[[ MATERIAL TO PROCESS, beginning ]]
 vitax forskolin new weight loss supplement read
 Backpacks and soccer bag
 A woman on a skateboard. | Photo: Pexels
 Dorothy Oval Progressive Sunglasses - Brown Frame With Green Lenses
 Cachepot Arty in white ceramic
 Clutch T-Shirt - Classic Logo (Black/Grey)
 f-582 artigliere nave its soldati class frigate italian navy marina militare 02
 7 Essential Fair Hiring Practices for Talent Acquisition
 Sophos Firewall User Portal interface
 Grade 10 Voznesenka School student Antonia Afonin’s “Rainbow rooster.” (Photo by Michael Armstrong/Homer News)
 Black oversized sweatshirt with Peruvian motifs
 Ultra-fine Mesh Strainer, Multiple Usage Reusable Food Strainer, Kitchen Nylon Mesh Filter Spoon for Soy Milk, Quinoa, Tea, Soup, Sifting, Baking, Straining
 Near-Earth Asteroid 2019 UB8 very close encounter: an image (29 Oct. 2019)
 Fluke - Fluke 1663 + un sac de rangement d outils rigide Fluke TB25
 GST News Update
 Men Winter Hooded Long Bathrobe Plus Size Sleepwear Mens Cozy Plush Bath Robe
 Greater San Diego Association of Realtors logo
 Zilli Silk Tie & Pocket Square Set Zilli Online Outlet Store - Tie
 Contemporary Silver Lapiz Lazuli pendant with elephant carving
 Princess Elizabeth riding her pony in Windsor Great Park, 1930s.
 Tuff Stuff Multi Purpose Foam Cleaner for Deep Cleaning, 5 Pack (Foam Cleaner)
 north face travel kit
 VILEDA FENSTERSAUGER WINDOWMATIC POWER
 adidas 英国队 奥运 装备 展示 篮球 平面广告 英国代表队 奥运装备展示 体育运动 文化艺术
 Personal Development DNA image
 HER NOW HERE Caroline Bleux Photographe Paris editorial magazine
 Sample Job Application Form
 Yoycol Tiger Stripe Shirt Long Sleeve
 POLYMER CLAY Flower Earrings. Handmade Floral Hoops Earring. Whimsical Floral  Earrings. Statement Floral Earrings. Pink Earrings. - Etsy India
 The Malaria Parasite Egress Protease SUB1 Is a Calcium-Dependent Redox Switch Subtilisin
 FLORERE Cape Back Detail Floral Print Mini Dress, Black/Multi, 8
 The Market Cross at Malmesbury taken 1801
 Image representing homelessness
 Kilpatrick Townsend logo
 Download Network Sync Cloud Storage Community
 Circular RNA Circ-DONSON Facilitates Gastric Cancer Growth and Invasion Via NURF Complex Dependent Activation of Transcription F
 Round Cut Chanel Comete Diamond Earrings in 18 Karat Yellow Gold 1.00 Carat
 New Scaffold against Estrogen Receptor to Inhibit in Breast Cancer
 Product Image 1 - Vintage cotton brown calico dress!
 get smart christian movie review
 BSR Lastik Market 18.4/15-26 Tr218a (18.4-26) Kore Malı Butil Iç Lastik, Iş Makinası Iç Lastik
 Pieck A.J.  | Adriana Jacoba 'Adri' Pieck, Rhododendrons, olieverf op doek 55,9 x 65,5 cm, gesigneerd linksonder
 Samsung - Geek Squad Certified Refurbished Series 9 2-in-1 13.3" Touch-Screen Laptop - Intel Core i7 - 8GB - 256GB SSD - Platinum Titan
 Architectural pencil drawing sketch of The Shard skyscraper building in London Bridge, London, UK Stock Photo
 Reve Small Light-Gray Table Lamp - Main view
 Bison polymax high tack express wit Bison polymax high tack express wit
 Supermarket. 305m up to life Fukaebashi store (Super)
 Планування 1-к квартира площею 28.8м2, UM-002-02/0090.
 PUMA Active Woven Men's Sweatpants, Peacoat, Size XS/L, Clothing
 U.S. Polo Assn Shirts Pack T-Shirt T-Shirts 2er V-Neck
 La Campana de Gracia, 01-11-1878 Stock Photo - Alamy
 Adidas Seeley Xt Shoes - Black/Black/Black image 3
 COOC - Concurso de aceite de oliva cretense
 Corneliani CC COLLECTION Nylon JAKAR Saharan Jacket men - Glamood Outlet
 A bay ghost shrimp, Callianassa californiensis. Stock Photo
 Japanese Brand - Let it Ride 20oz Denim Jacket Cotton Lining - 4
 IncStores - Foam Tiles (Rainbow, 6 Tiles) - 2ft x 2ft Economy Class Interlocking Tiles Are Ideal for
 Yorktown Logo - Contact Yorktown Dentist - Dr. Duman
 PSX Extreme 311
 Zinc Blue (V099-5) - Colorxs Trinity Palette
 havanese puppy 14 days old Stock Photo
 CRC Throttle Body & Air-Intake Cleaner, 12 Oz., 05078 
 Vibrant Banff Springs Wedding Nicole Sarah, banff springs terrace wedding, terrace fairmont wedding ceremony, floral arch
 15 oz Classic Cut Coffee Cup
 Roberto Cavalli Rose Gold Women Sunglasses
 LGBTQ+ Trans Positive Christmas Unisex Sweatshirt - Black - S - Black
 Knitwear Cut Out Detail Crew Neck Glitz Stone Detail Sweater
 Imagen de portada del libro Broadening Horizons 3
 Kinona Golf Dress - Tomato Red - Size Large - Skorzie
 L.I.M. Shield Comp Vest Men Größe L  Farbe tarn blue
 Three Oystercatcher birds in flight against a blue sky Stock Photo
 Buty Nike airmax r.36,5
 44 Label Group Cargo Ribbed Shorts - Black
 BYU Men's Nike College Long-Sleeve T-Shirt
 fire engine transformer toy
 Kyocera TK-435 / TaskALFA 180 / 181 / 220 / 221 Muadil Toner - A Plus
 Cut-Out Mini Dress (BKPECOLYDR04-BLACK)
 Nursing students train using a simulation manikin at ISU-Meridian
[[ MATERIAL TO PROCESS, end ]]
WHAT THE TASK ASKS: Every line in the records above that contains the word "Foam" should be copied out.

ANSWER SECTION:
 Tuff Stuff Multi Purpose Foam Cleaner for Deep Cleaning, 5 Pack (Foam Cleaner)
 IncStores - Foam Tiles (Rainbow, 6 Tiles) - 2ft x 2ft Economy Class Interlocking Tiles Are Ideal for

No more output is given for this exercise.